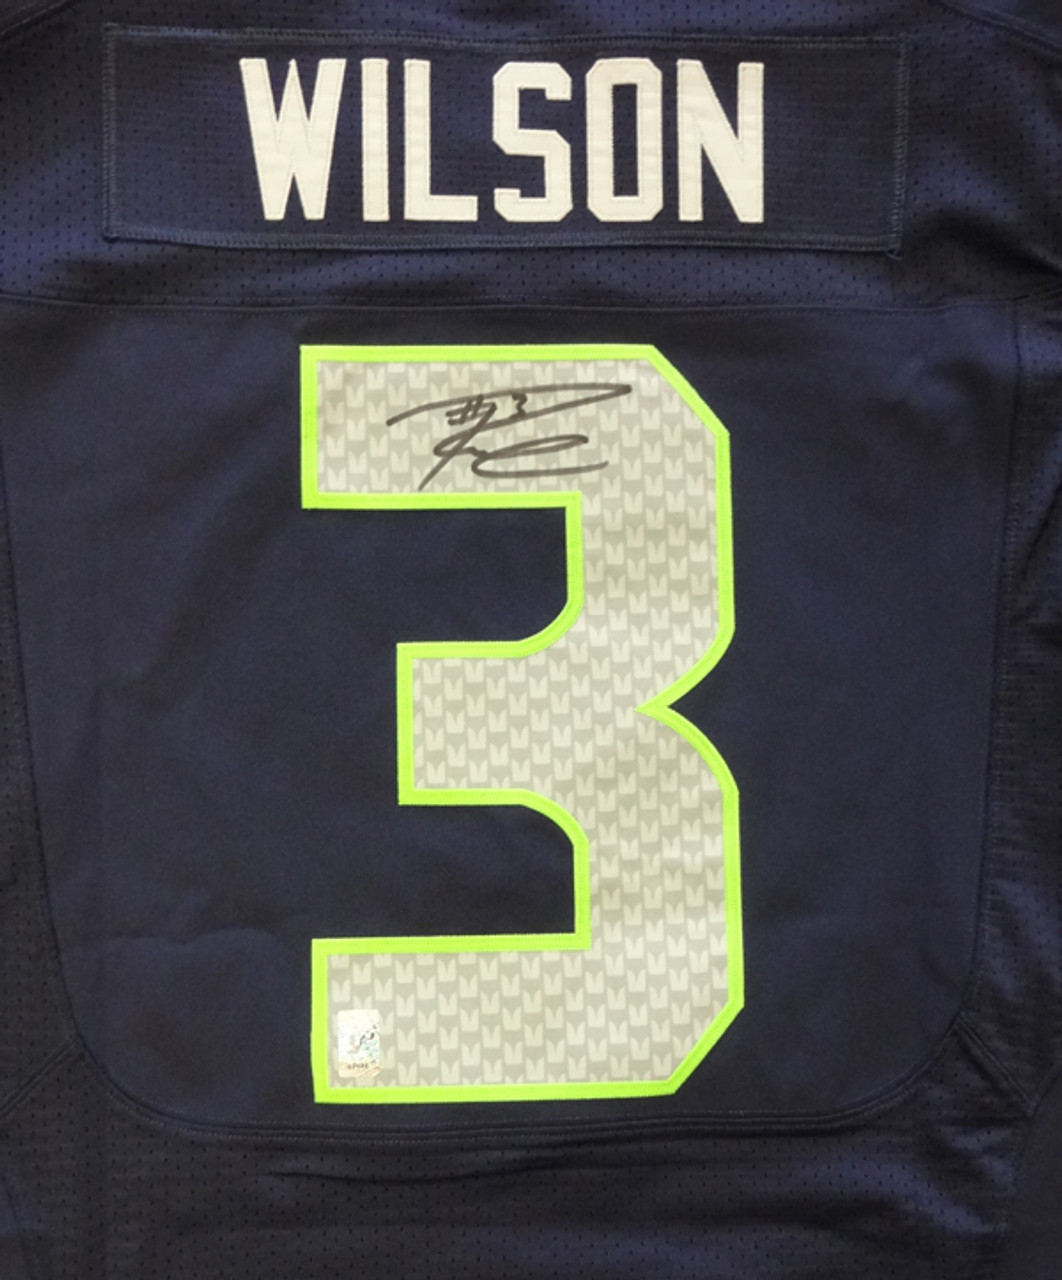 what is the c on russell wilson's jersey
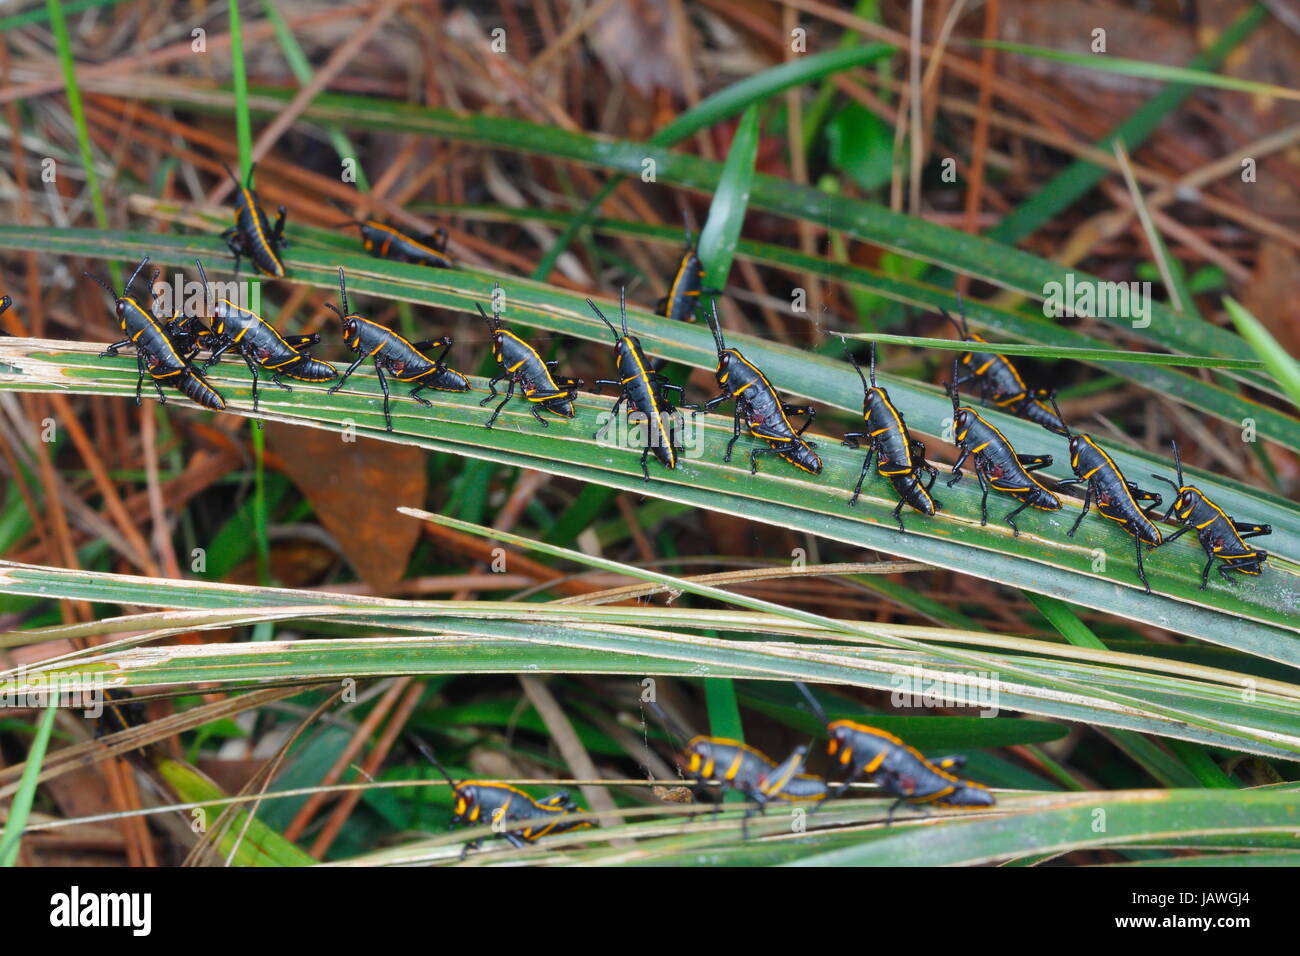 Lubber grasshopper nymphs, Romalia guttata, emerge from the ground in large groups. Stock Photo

...

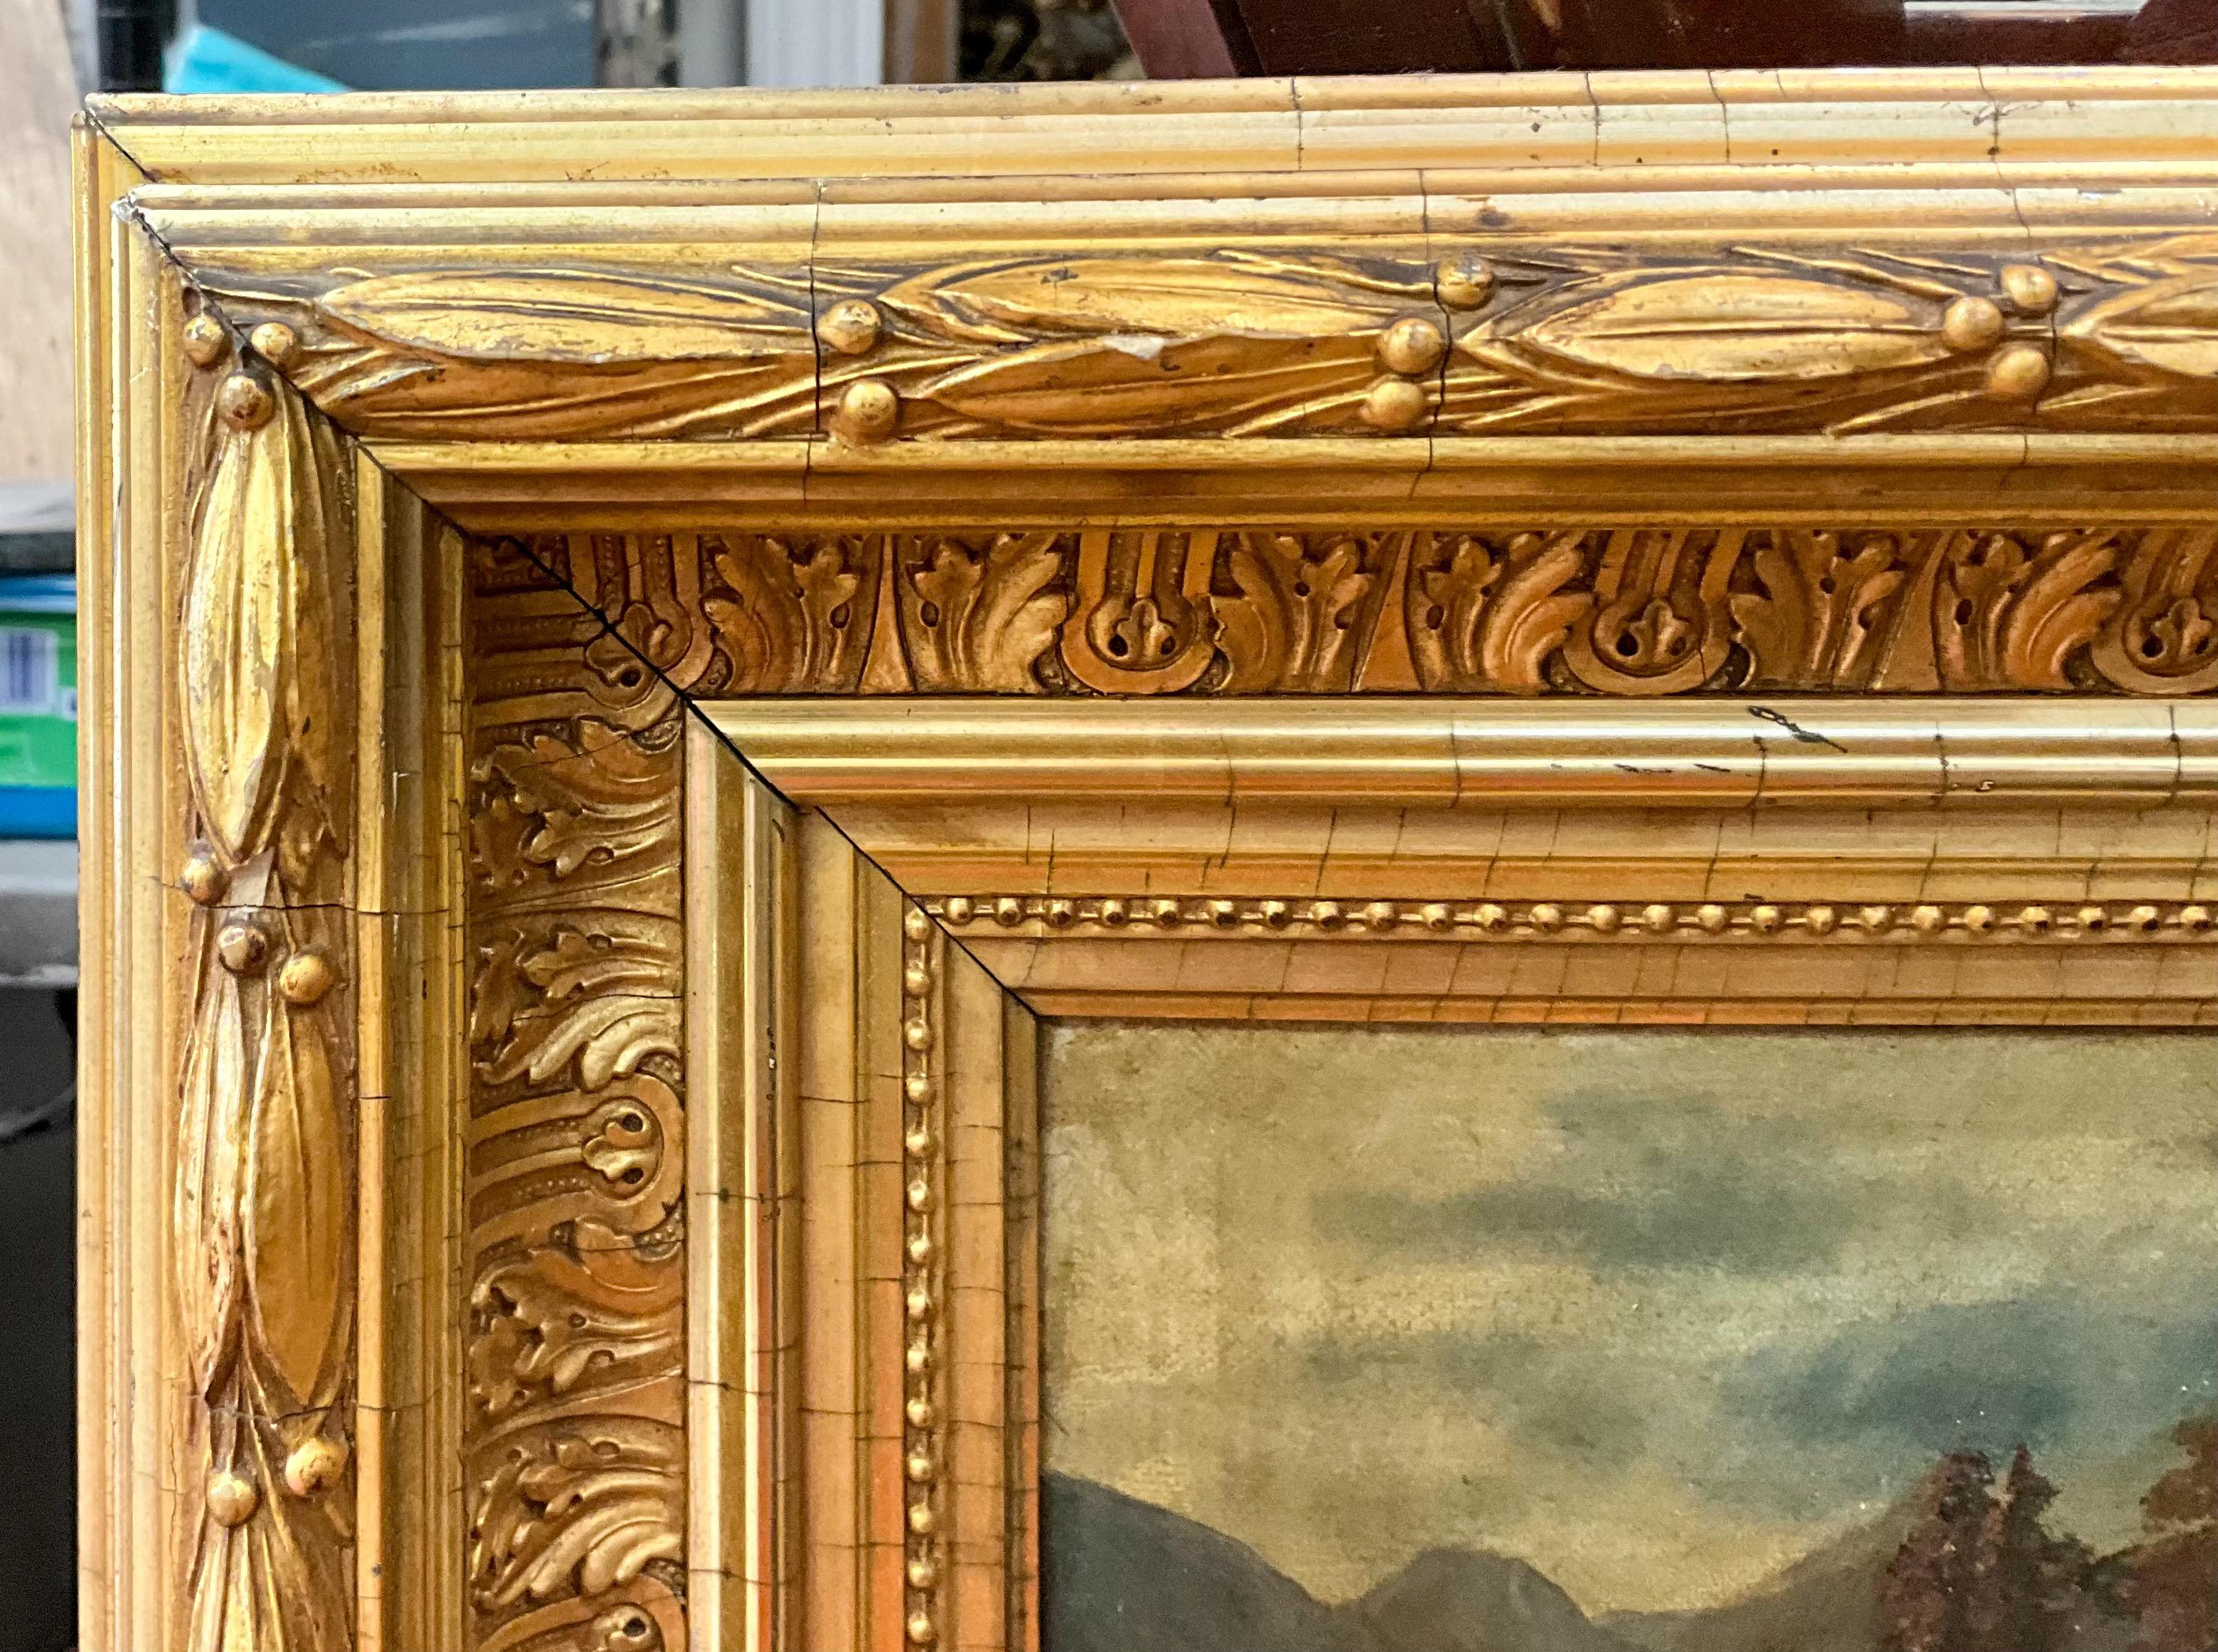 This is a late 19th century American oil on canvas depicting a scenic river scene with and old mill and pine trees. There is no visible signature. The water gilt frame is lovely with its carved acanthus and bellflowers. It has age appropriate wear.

■ WHAT YOU HAVE TO DO:
Exact copy, pictures excluded: from the line with "what is the c on russell wilson's jersey" up to and including the line with "Lubber grasshopper nymphs, Romalia" in the data above.

■ OUTPUT:
 what is the c on russell wilson's jersey
 Lubber grasshopper nymphs, Romalia guttata, emerge from the ground in large groups. Stock Photo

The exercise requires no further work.